Google's Gemini models via the official API.

providers:
  - type: gemini
    agent_id: gemini_agent
    model: gemini-2.0-flash-exp
    temperature: 0.0
    max_tokens: 8192
    top_p: 0.95
    top_k: 40
    api_key: ${GOOGLE_API_KEY}

Configuration Options:

Option	Description	Default	Required
`type`	Provider type (`gemini`)	-	Yes
`agent_id`	Unique identifier for this agent	-	Yes
`model`	Model name	`gemini-2.0-flash-exp`	No
`temperature`	Sampling temperature (0-1)	`1.0`	No
`max_tokens`	Maximum response tokens	`8192`	No
`top_p`	Top-p sampling (0-1)	`0.95`	No
`top_k`	Top-k sampling	`40`	No
`api_key`	API key	`${GOOGLE_API_KEY}`	No

Supported Models:

gemini-2.0-flash-exp - Latest experimental flash model (recommended)
gemini-1.5-flash - Fast, cost-effective model
gemini-1.5-pro - High capability model
gemini-1.5-flash-8b - Ultra-fast, lightweight model

Note: Requires GOOGLE_API_KEY environment variable or explicit api_key parameter.

Mock Provider

Built-in test provider that returns expected responses without API calls. Perfect for testing and development.

providers:
  - type: mock
    agent_id: test_agent

Configuration Options:

Option	Description	Default	Required
`type`	Provider type (`mock`)	-	Yes
`agent_id`	Unique identifier	-	Yes

Features:

No API calls - returns conversation history from test cases
Instant execution - no network latency
Cost calculation - mock token counting for testing
No authentication required

Use Cases:

Development and testing
CI/CD without API costs
Validating test case structure
Framework development

Google ADK Provider

Google's Agent Development Kit for building AI agents with tool use.

providers:
  - type: google_adk
    agent_id: adk_agent
    agent_metadata:
      module_path: "my_agent.agent"
      agent_name: "root_agent"
      root_path: "."

Configuration Options:

Option	Description	Default	Required
`type`	Provider type (`google_adk`)	-	Yes
`agent_id`	Unique identifier	-	Yes
`agent_metadata.module_path`	Python module path to agent	-	Yes
`agent_metadata.agent_name`	Agent variable name in module	`root_agent`	No
`agent_metadata.root_path`	Root directory for imports	`.`	No

Features:

Async agent execution
Tool calling support
Multi-turn conversations
Session management
Thread-safe agent caching

See the examples/09-google-adk-agent directory in the repository for a complete setup guide.

OpenAI Provider

OpenAI's GPT models (requires custom implementation).

providers:
  - type: openai
    agent_id: openai_agent
    model: gpt-4
    temperature: 0.7
    max_tokens: 2048
    api_key: ${OPENAI_API_KEY}

Configuration Options:

Option	Description	Default	Required
`type`	Provider type (`openai`)	-	Yes
`agent_id`	Unique identifier	-	Yes
`model`	Model name	`gpt-4`	No
`temperature`	Sampling temperature (0-1)	`0.7`	No
`max_tokens`	Maximum response tokens	`2048`	No
`api_key`	API key	`${OPENAI_API_KEY}`	No

Note: Requires custom provider implementation. See Custom Providers below.

Anthropic Provider

Anthropic's Claude models (requires custom implementation).

providers:
  - type: anthropic
    agent_id: claude_agent
    model: claude-3-5-sonnet-20241022
    temperature: 0.0
    max_tokens: 4096
    api_key: ${ANTHROPIC_API_KEY}

Configuration Options:

Option	Description	Default	Required
`type`	Provider type (`anthropic`)	-	Yes
`agent_id`	Unique identifier	-	Yes
`model`	Model name	`claude-3-5-sonnet-20241022`	No
`temperature`	Sampling temperature (0-1)	`1.0`	No
`max_tokens`	Maximum response tokens	`4096`	No
`api_key`	API key	`${ANTHROPIC_API_KEY}`	No

Note: Requires custom provider implementation. See Custom Providers below.

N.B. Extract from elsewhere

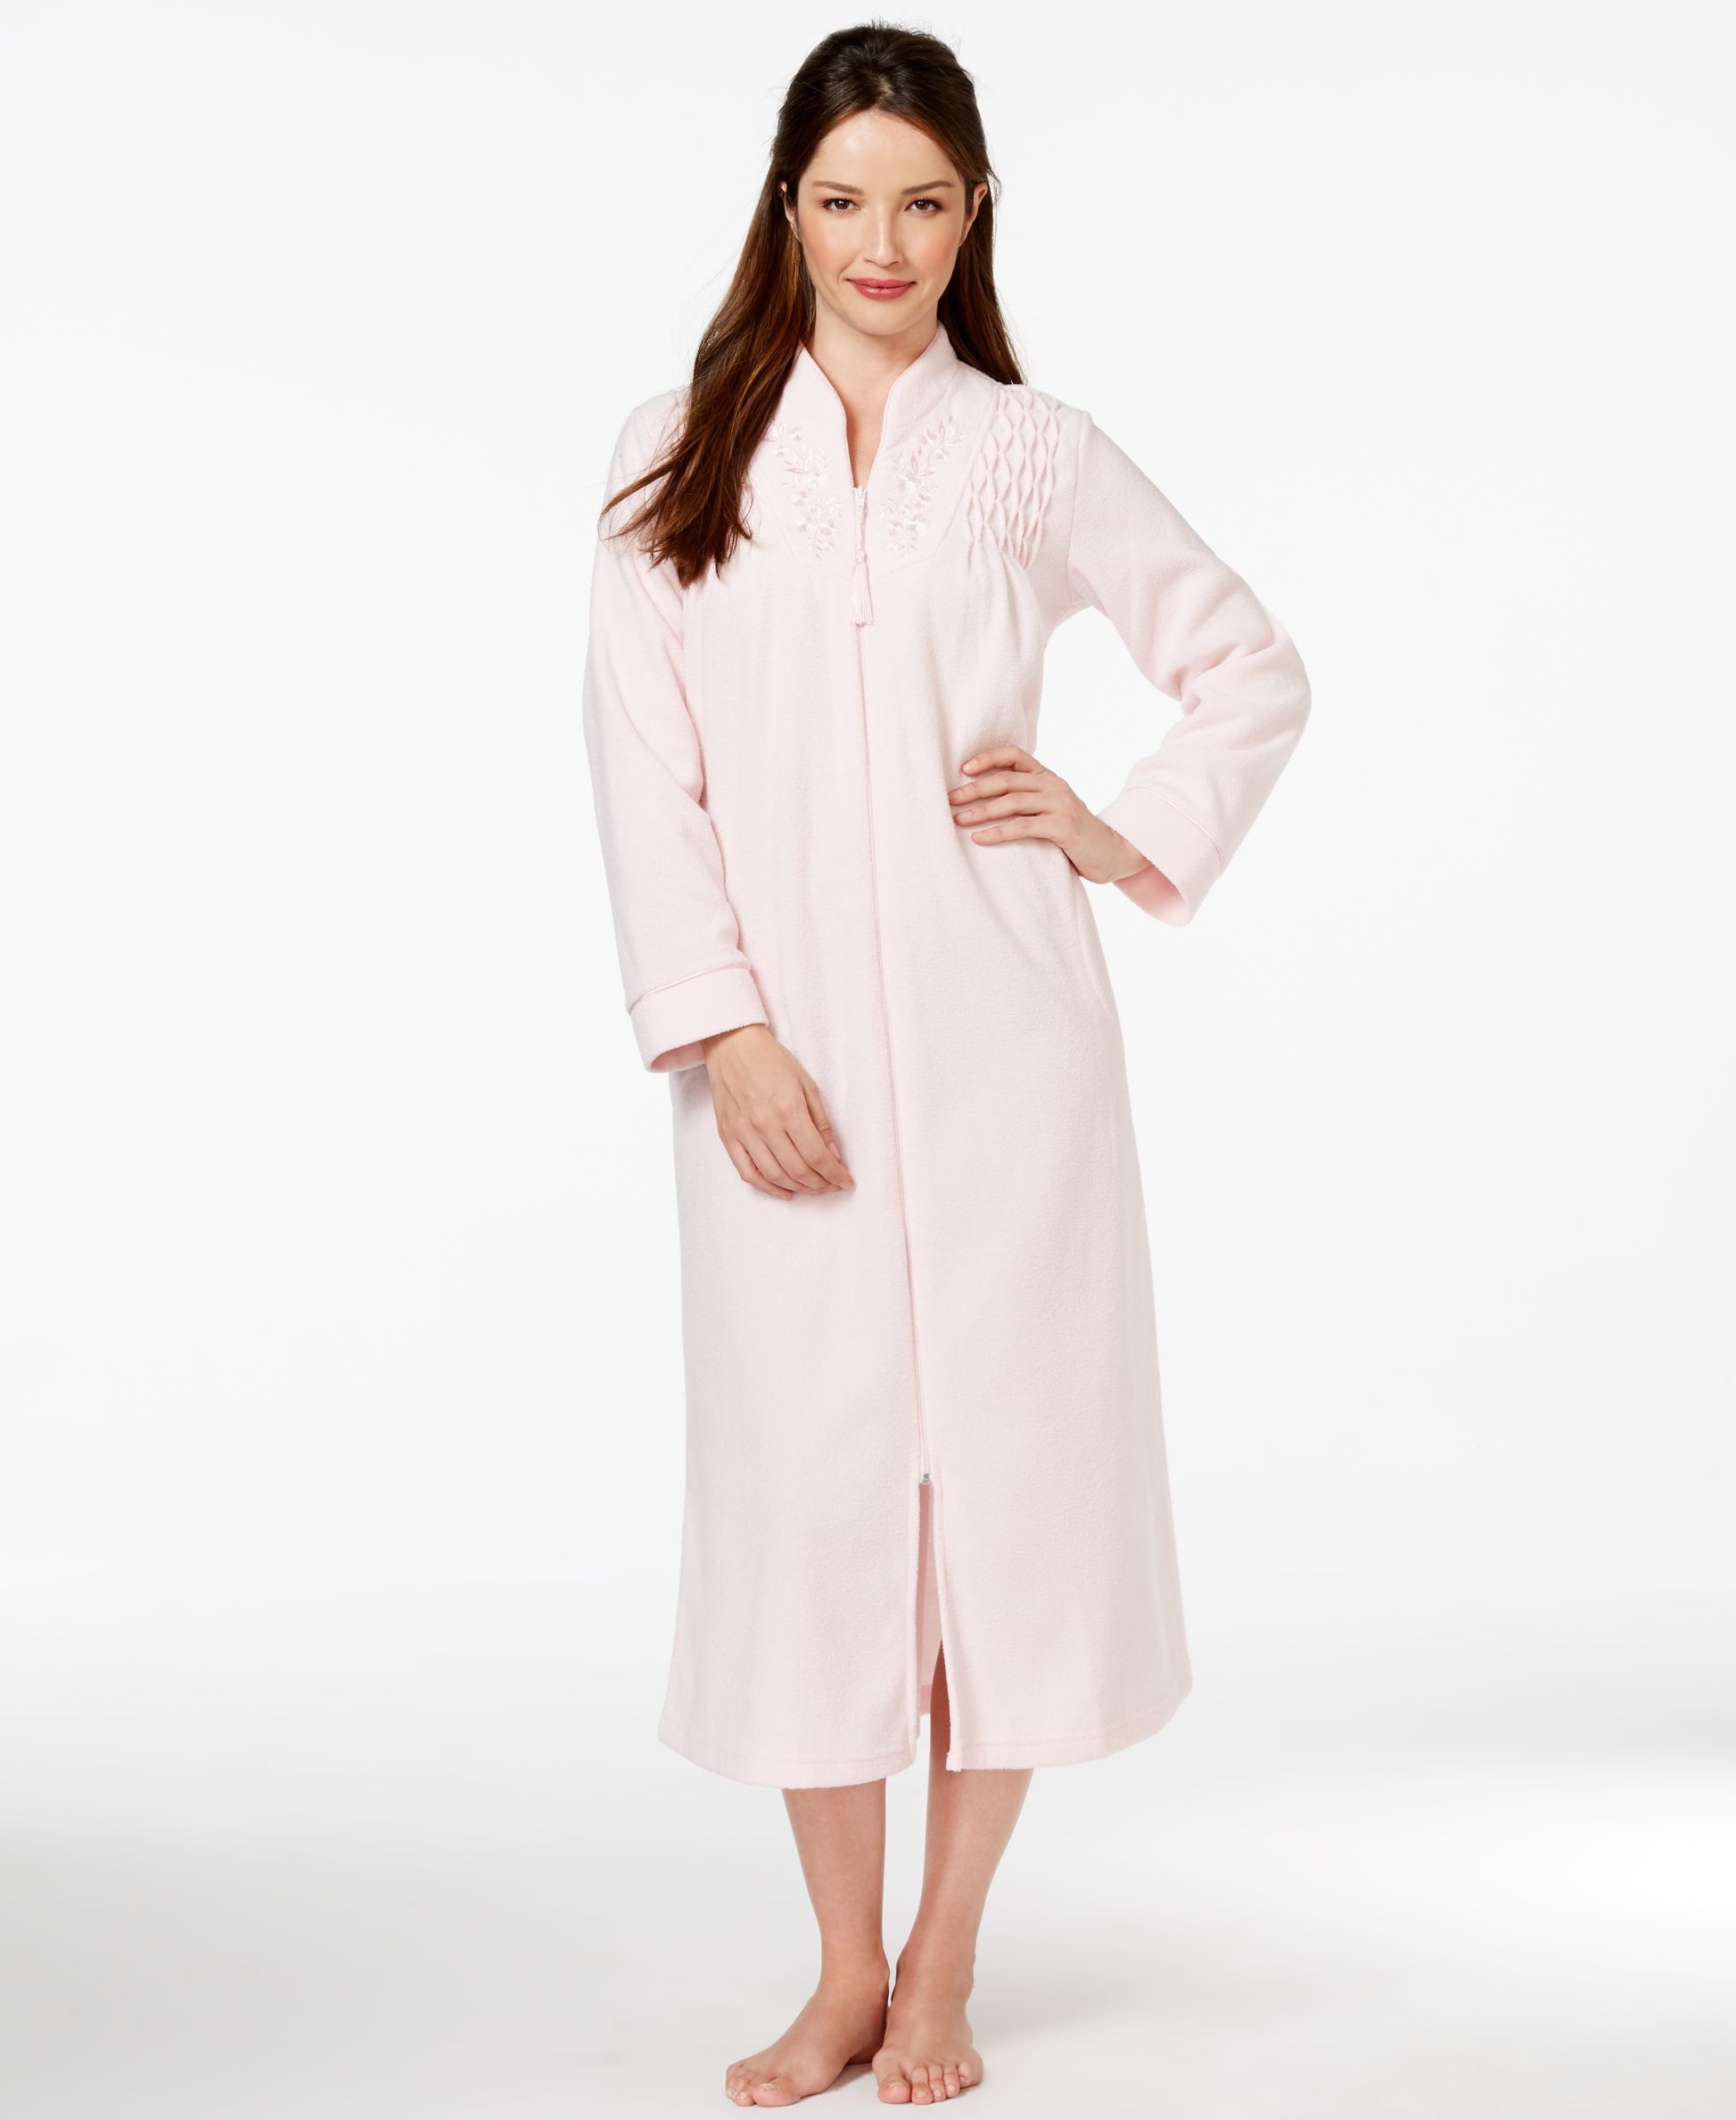 db1b004a7e Miss Elaine Zip Up Long Robe

Multiple Providers (A/B Testing)

Compare multiple models in a single evaluation run. Each provider evaluates the same test cases independently.

providers:
  - type: gemini
    agent_id: gemini_flash
    model: gemini-2.0-flash-exp
    temperature: 0.0

  - type: gemini
    agent_id: gemini_pro
    model: gemini-1.5-pro
    temperature: 0.0

  - type: mock
    agent_id: baseline

Benefits:

Compare response quality across models
Compare cost and latency
Identify best model for your use case
Regression testing when switching models

Output: Each provider generates separate execution runs in the report, allowing side-by-side comparison.

Custom Providers

Implement custom providers for any LLM API or service.

providers:
  - type: custom
    module_path: ./providers/my_provider.py
    class_name: MyCustomProvider
    agent_id: custom_agent
    # Custom config options passed to provider
    endpoint: https://api.example.com
    api_key: ${CUSTOM_API_KEY}
    timeout: 30

Implementation Example:

# providers/my_provider.py
from judge_llm.providers.base import BaseProvider
from judge_llm.core.models import EvalCase, ProviderResult, Invocation, Content, Part

class MyCustomProvider(BaseProvider):
    def __init__(self, agent_id, agent_config_path=None, agent_metadata=None, **provider_metadata):
        super().__init__(agent_id, agent_config_path, agent_metadata, **provider_metadata)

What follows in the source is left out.